Saturday, October 17, 2009

Solemnity in Worship

It's kind of an oxymoron, really.

I can find no scripture which connects worship exclusively with solemnity. There is grieving worship - the whole of Lamentations, for example; or the 137th Psalm. In them, Israel mourned the sin that led to their expatriation. The Lord's admonition to keep silent before Him in His temple (which we often see cut from context and cut into wood plaques above sanctuary doors) was a command to repent from idolatry to "gods" of stone and wood in Habbakuk 2. There is mourning for people who are dead or at least thought dead. There is James' advice to quarrelsome brothers and sisters in chapter 4 to mourn in their penitence.

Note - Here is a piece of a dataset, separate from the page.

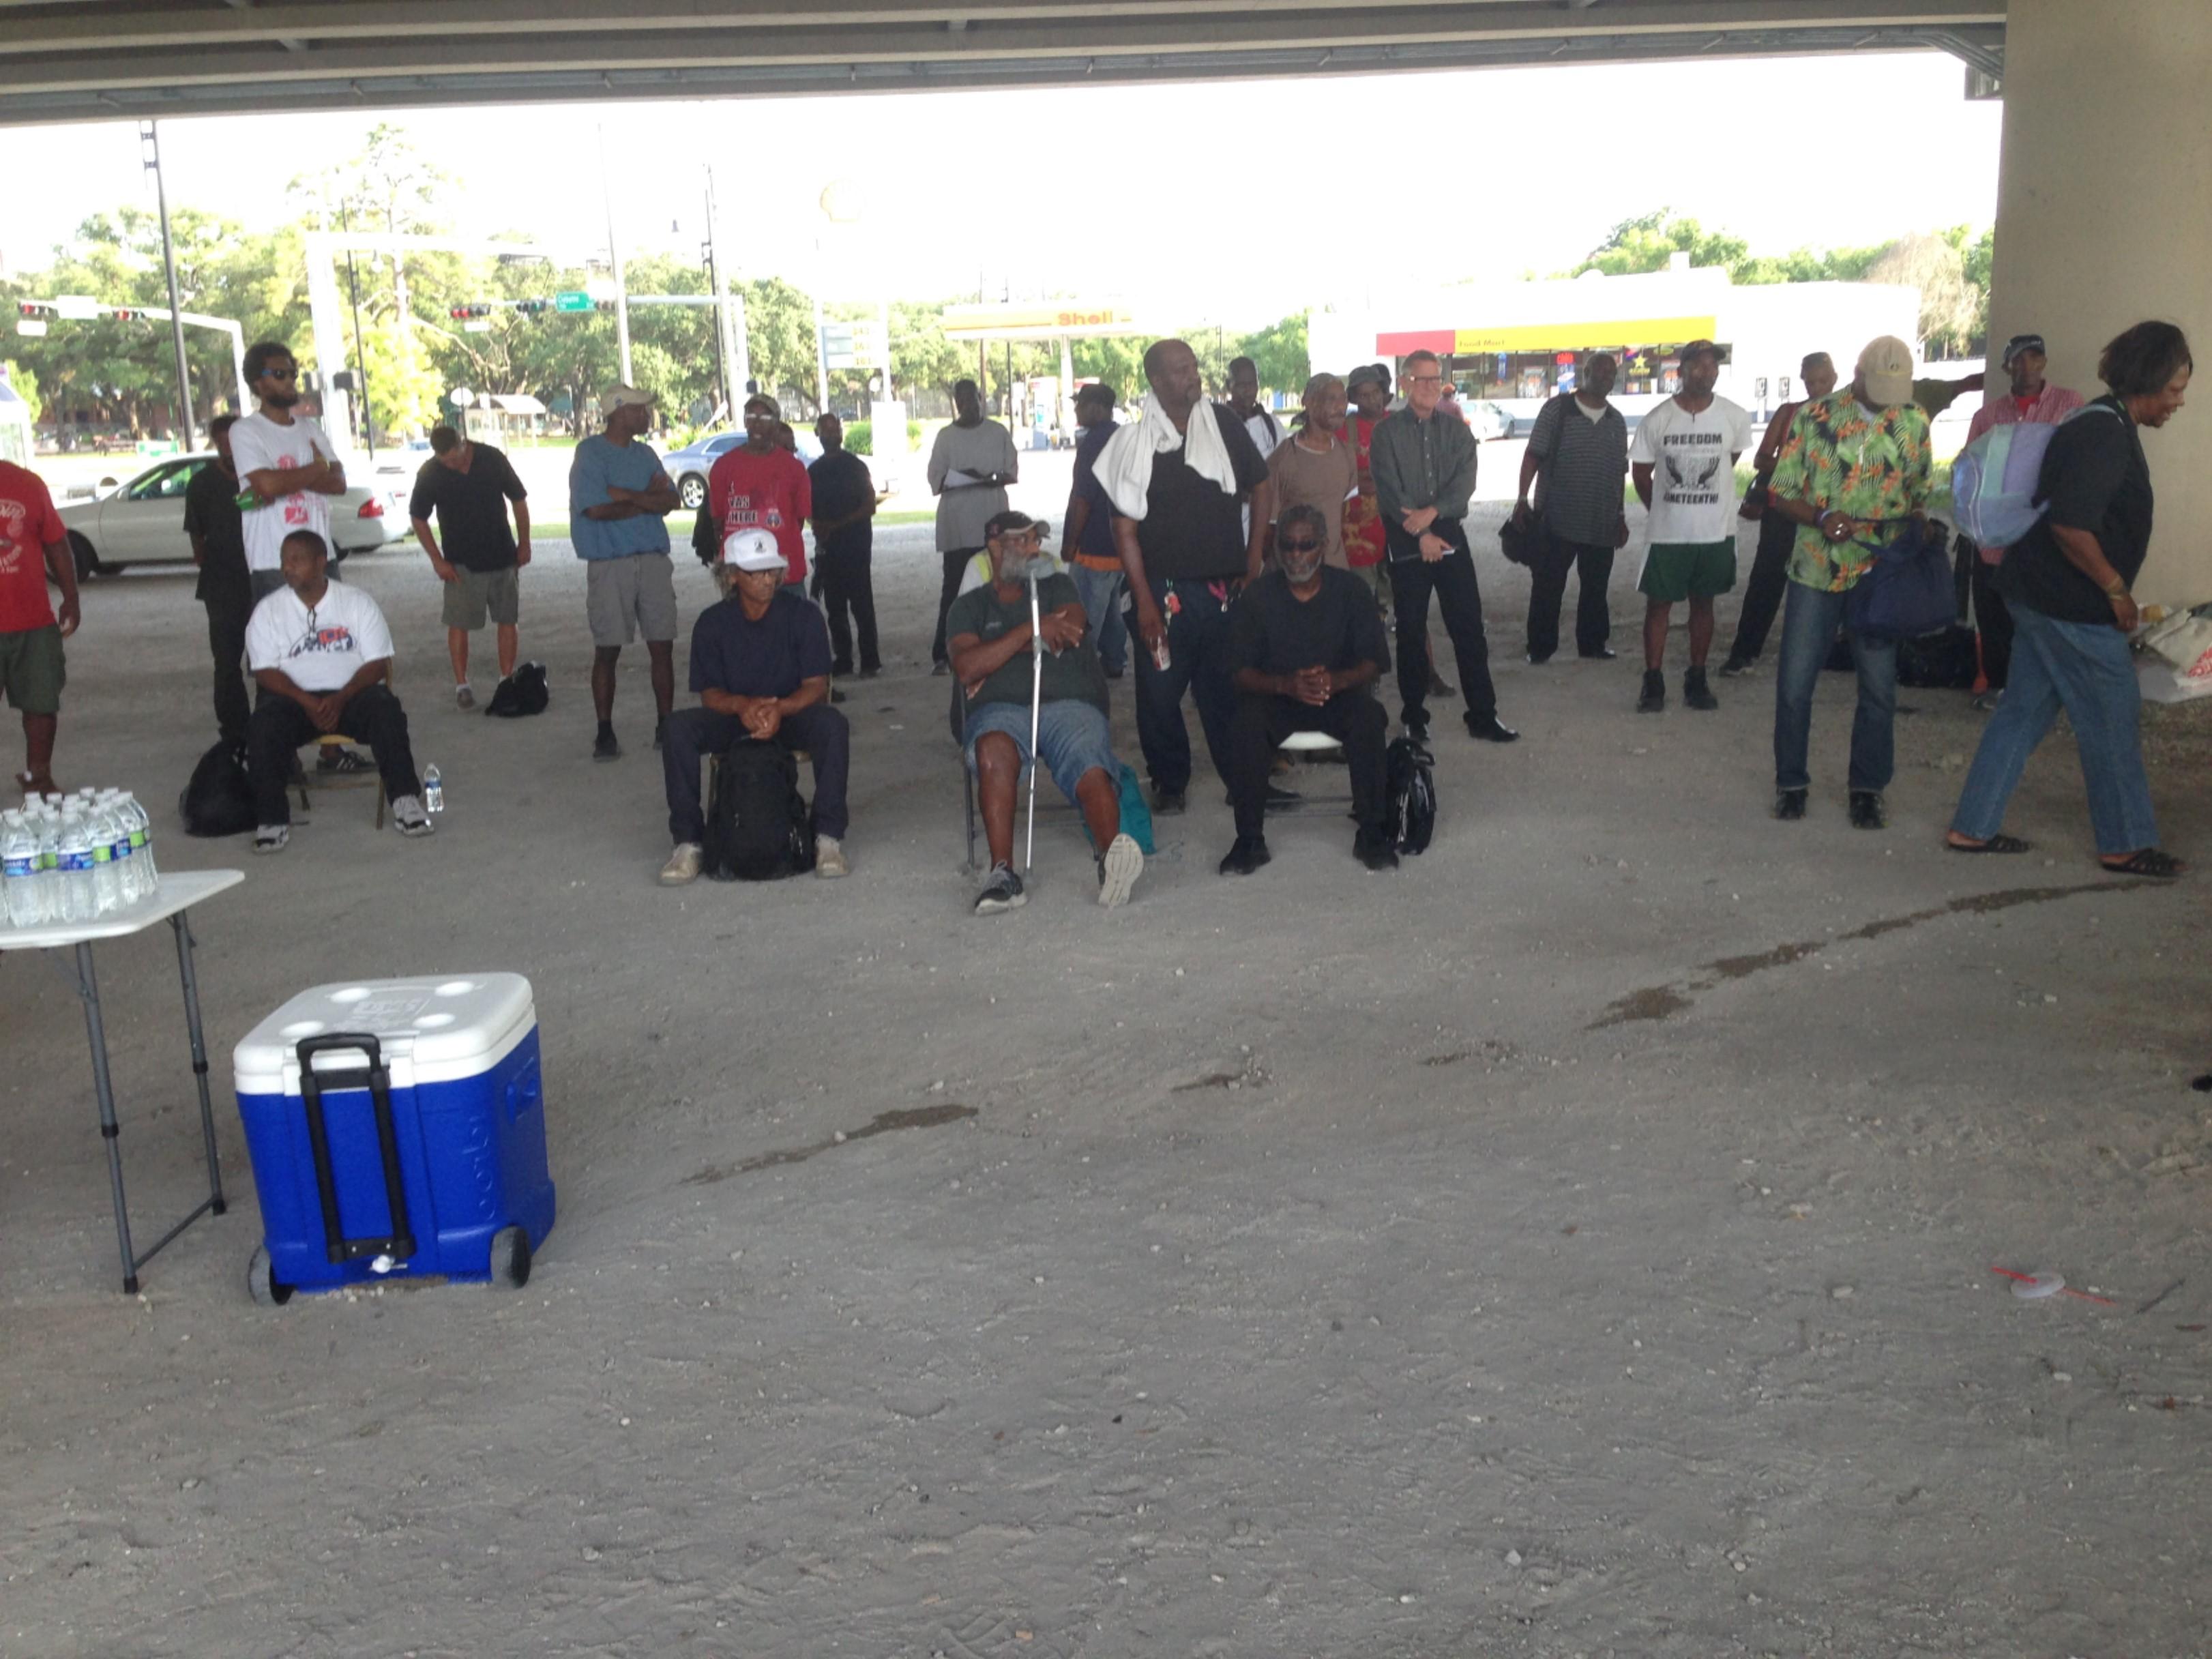 FBPM Under The Bridge July 31 2014

(Maybe some of our brothers and sisters who cause dissension and division by forbidding worship which entertains God and man should mourn ... and repent. - Then get over it, and experience some real joy!)

While there are these few examples of mourning and worship connected in scripture, what you will find throughout the Old and New Testaments are hundreds of examples of worship accompanied by joy.

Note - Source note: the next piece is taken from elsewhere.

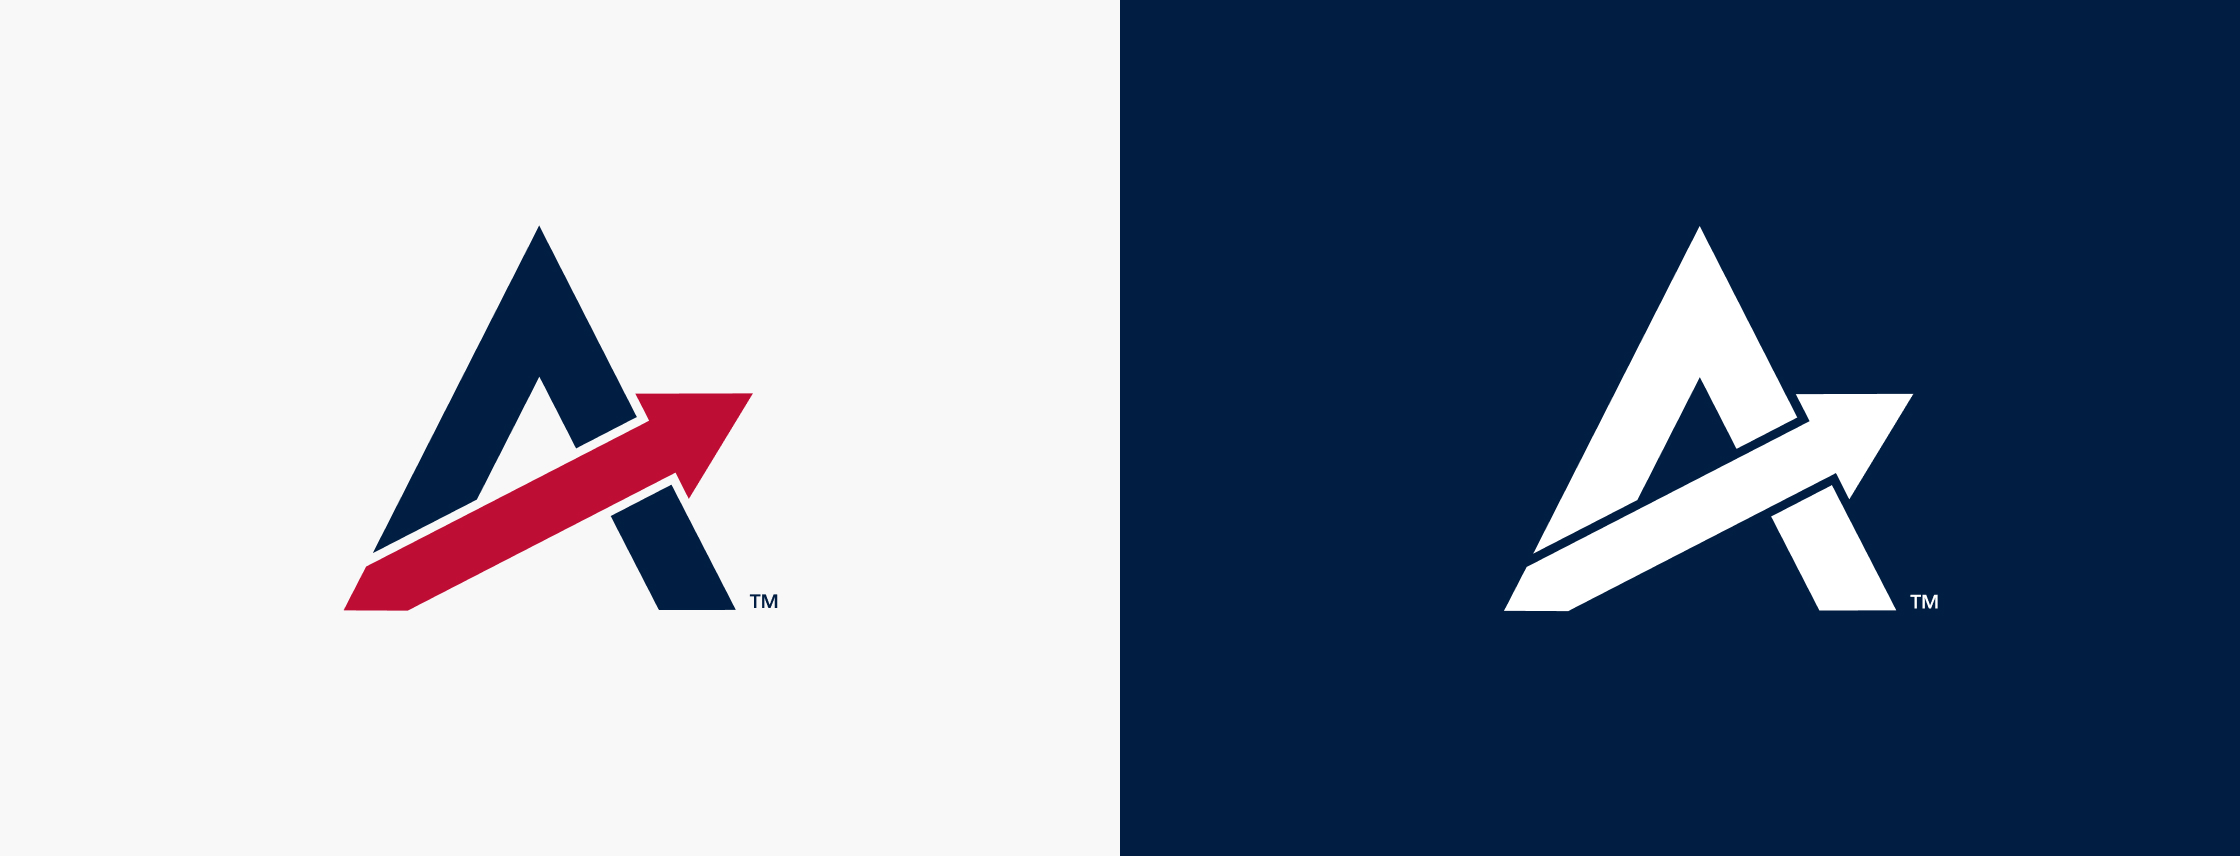 SmarterAI Logo - The Arrow Symbol

From the poet's exultation in Psalm 100 to the disciples' recognition of the risen Lord in Luke 24:52, worship, praise and joy go together.

If you surround the Lord's table and do nothing but mourn His death, week after week after week, know this: HE IS RISEN! (Matthew 28:7; Mark 16:6; Luke 24:6 - why do you think most Christians celebrate it on the first day of the week?!?)

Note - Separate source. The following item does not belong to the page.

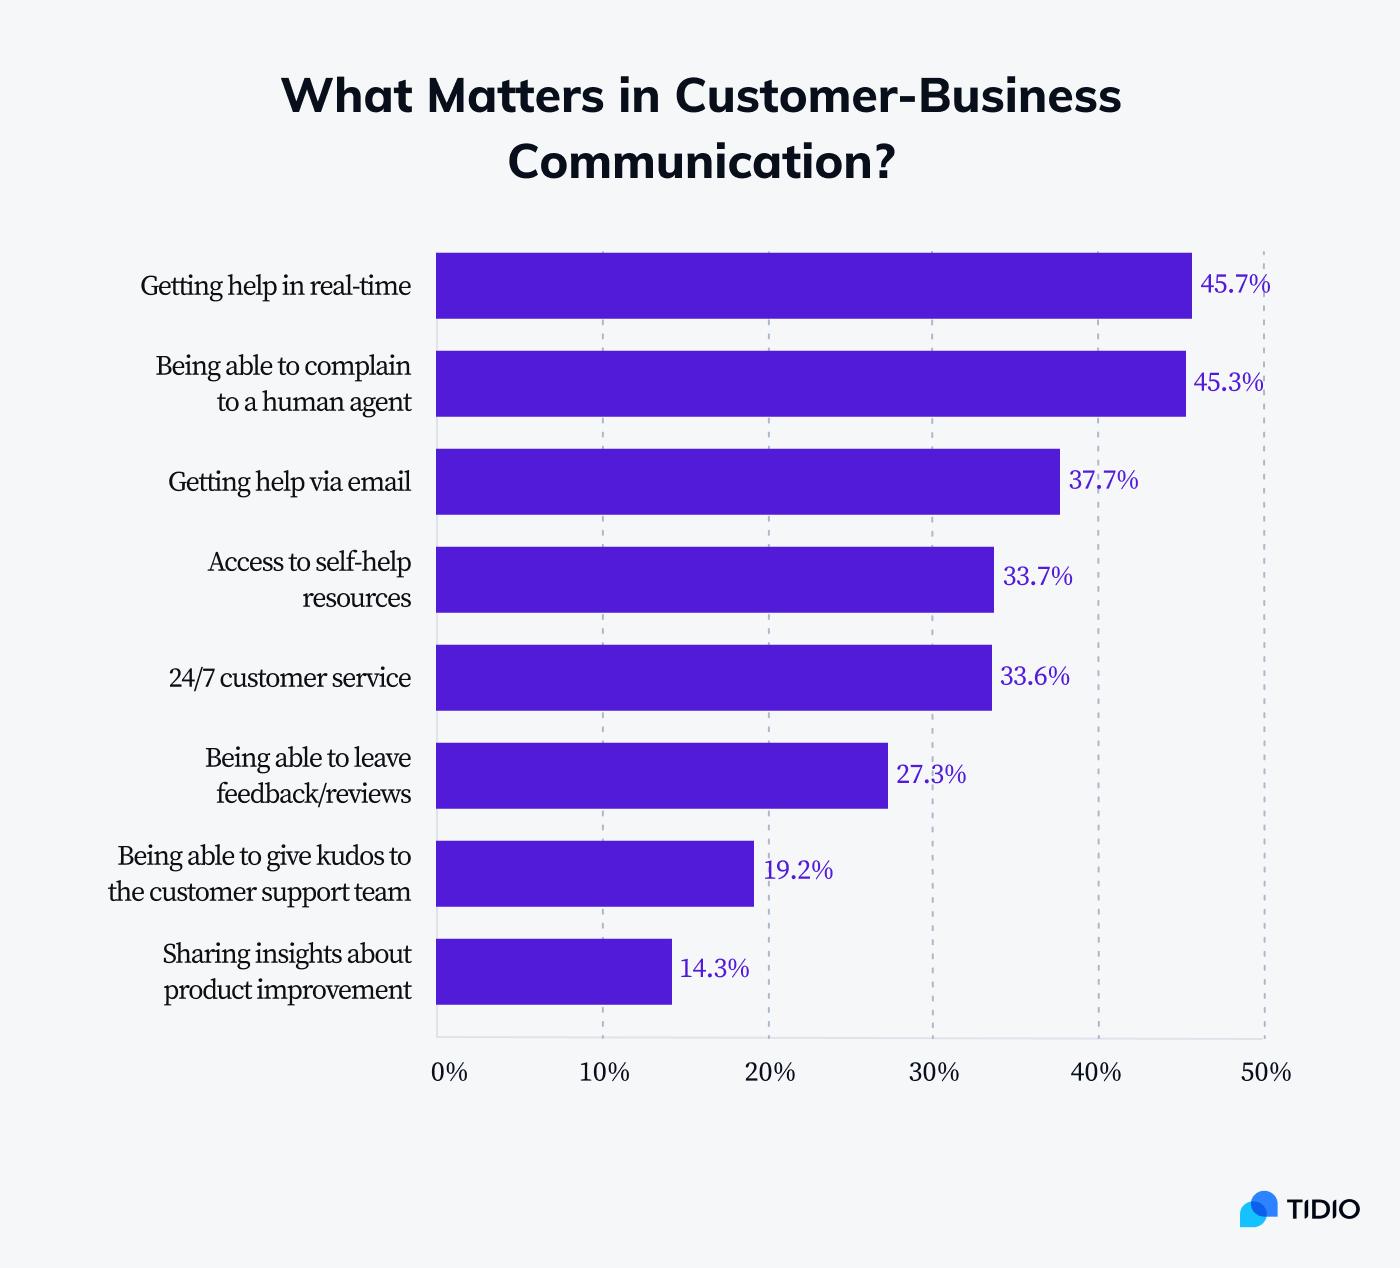 Factors that matter in customer-business communication

If you gather time after time after time to share the bread and the cup while only mourning your sins, know this: THEY ARE FORGIVEN! (Psalm 32:1; Acts 2:38; >Ephesians 1:7; 1 John 2:12)

If you sing songs of joy and gratitude Sunday after Sunday after Sunday with only muttering gravity in your voice and duty in your face, know this: THE JOY OF THE LORD IS YOUR STRENGTH! (Psalm 28:7; Nehemiah 8:10)

Good people, if joyless fear and dread and silence is always and only to be the hallmark of worship acceptable to God, why is that Jesus, "full of joy through the Holy Spirit, said, 'I praise you, Father, Lord of heaven and earth ...'"? (Luke 10:21) Why then did His followers loudly and joyfully praise God for His miracles? (Luke 19:37)

If we are still to live and worship only in fear, why does the Hebrews writer go to such pains to distinguish the old covenant's mountain of fear from the new covenant's mountain of joyful angels? (Hebrews 12:18-24)

If our obedience to God in worship and life is paramount, why do we ignore 1 Thessalonians 5:16 - "Be joyful always"? Is the instruction to "entertain strangers" (Hebrews 13:2) not to be obeyed in the context of gathered worship?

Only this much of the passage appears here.